Ciclo C: Lc 7, 36 -8, 3
HOMILÍA
Anfiloquio de Iconio, Homilía sobre la mujer pecadora (PG 61, 745-751)
Dios no nos pide otra cosa que la conversión

Un fariseo rogaba a Jesús que fuera a comer con él. Jesús, entrando en casa del fariseo, se recostó
a la mesa. ¡Oh gracia inenarrable!, ¡oh inefable bondad! Él es médico y cura todas las enfermedades,
para ser útil a todos: buenos y malos, ingratos y agradecidos. Por lo cual, invitado ahora por un
fariseo, entra en aquella casa hasta el momento repleta de males. Dondequiera que moraba un
fariseo, allí había un antro de maldad, una cueva de pecadores, el aposento de la arrogancia. Pero
aunque la casa de aquel fariseo reuniese todas estas condiciones, el Señor no desdeñó aceptar la
invitación. Y con razón.

Accede prontamente a la invitación del fariseo, y lo hace con delicadeza, sin reprocharle su
conducta: en primer lugar, porque quería santificar a los invitados, y también al anfitrión, a su familia
y la misma esplendidez de los manjares; en segundo lugar, acepta la invitación del fariseo porque
sabía que iba a acudir una meretriz y había de hacer ostensión de su férvido y ardiente anhelo de
conversión, para que, deplorando ella sus pecados en presencia de los letrados y los fariseos, le
brindara oportunidad de enseñarles a ellos cómo hay que aplacar a Dios con lágrimas por los
pecados cometidos.

Y una mujer de la ciudad, una pecadora —dice—, colocándose detrás, junto a sus pies, llorando, se
puso a regarle los pies con sus lágrimas. Alabemos, pues, a esta mujer que se ha granjeado el aplauso
de todo el mundo. Tocó aquellos pies inmaculados, compartiendo con Juan el cuerpo de Cristo.
Aquél, efectivamente, se apoyó sobre el pecho, de donde sacó la doctrina divina; ésta, en cambio,
se abrazó a aquellos pies que por nosotros recorrían los caminos de la vida.
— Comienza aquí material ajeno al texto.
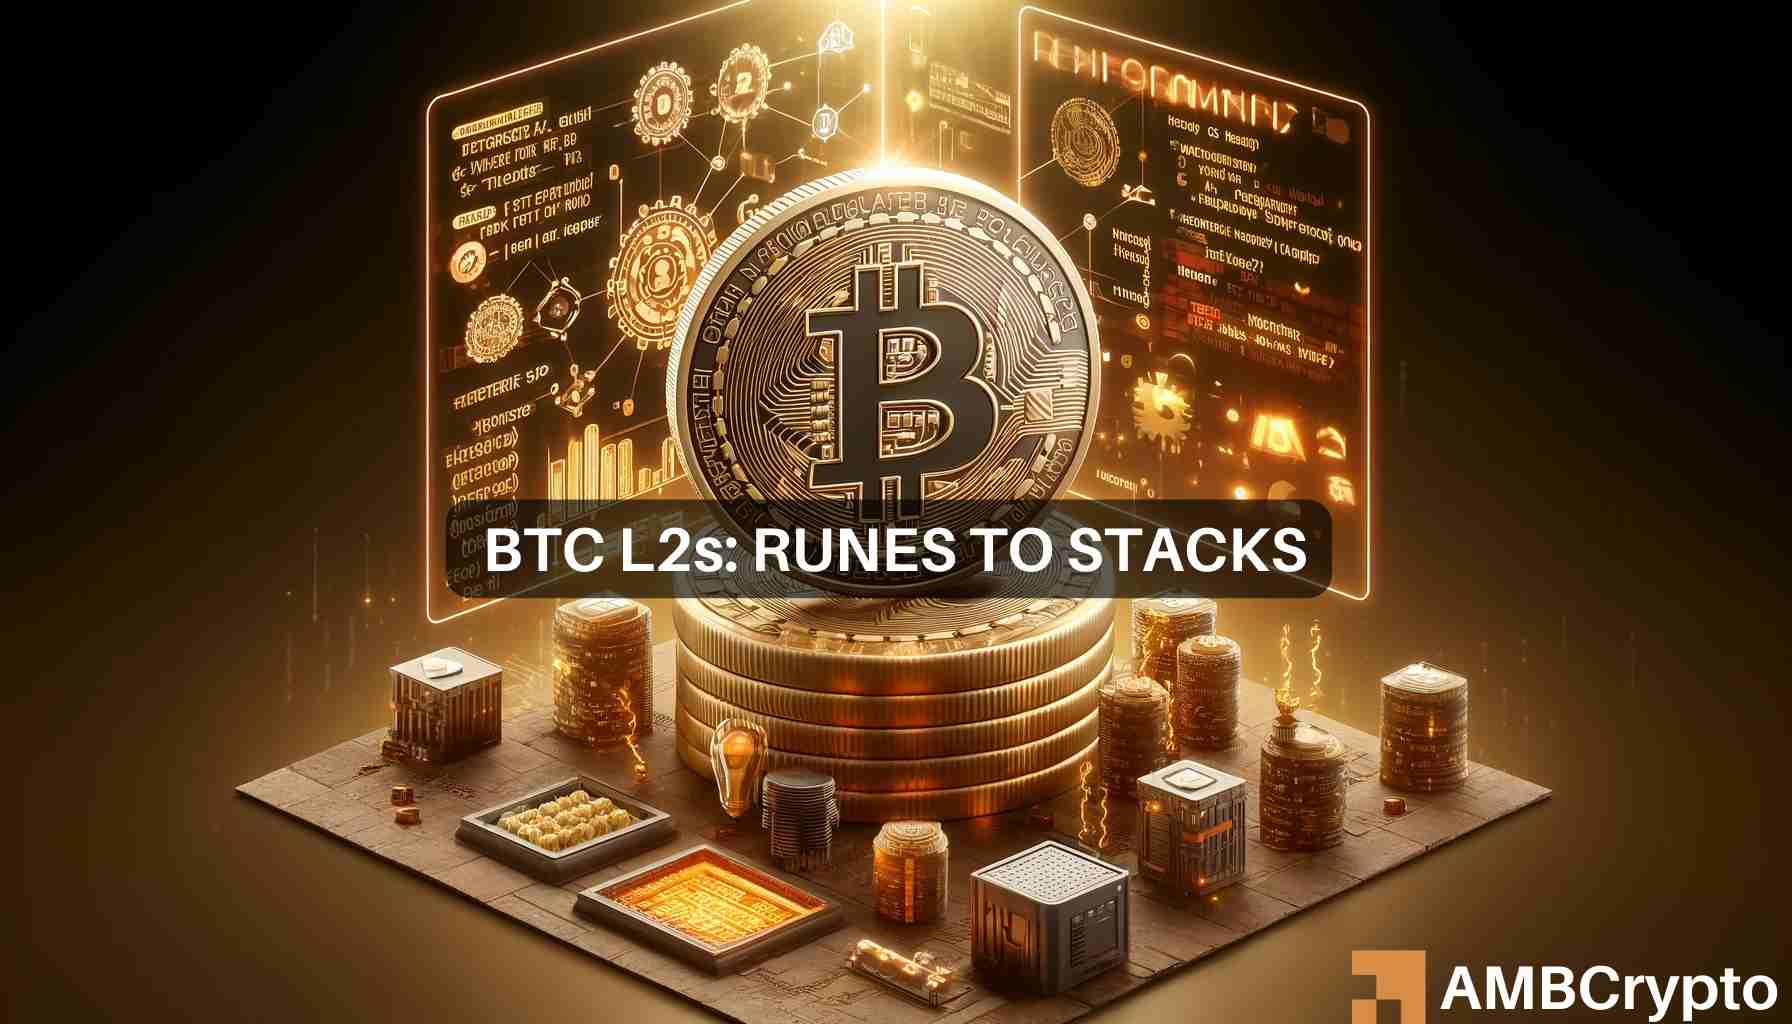  After Runes, how will Stacks' Nakamoto help BTC?

Por su parte, Cristo —que no se pronuncia sobre el pecado, pero alaba la penitencia; que no castiga
el pasado, sino que sondea el porvenir—, haciendo caso omiso de las maldades pasadas, honra a la
mujer, encomia su conversión, justifica sus lágrimas y premia su buen propósito; en cambio, el
fariseo, al ver el milagro queda desconcertado y, trabajado por la envidia, se niega a admitir la
conversión de aquella mujer: más aún, se desata en improperios contra la que así honraba al Señor,
arroja el descrédito contra la dignidad del que era honrado, tachándolo de ignorante: Si éste fuera
profeta, sabría quién es esta mujer que le está tocando.

Jesús, tomando la palabra, se dirige al fariseo enfrascado en tal tipo de murmuraciones: Simón,
tengo algo que decirte. ¡Oh gracia inefable!, ¡oh inenarrable bondad! Dios y el hombre dialogan:
Cristo plantea un problema y traza una norma de bondad, para vencer la maldad del fariseo. El
respondió: Dímelo, maestro. Un prestamista tenía dos deudores. Fíjate en la sabiduría de Dios: ni
siquiera nombra a la mujer, para que el fariseo no falsee intencionadamente la respuesta. Uno —
dice— le debía quinientos denarios y el otro cincuenta. Como no tenían con qué pagar, les perdonó
a los dos. Perdonó a los que no tenían, no a los que no querían: una cosa es no tener y otra muy
distinta no querer. Un ejemplo: Dios no nos pide otra cosa que la conversión: por eso quiere que
estemos siempre alegres y nos demos prisa en acudir a la penitencia. Ahora bien, si teniendo
voluntad de convertirnos, la multitud de nuestros pecados pone de manifiesto lo inadecuado de
nuestro arrepentimiento, no porque no queremos sino porque no podemos, entonces nos perdona
la deuda. Como no tenían con qué pagar, les perdonó a los dos.

¿Cuál de los dos lo amará más? Simón contestó: —Supongo que aquel a quien le perdonó más. Jesús
le dijo: —Has juzgado rectamente. Y volviéndose a la mujer, dijo a Simón: —¿Ves a esta mujer
pecadora, a la que tú rechazas y a la que yo acojo? Desde que entró, no ha dejado de besarme los
pies. Por eso te digo, sus muchos pecados están perdonados. Porque tú, al recibirme como invitado,
no me honraste con un beso, no me perfumaste con ungüento; ésta, en cambio, que impetró el
olvido de sus muchos pecados, me ha hecho los honores hasta con sus lágrimas.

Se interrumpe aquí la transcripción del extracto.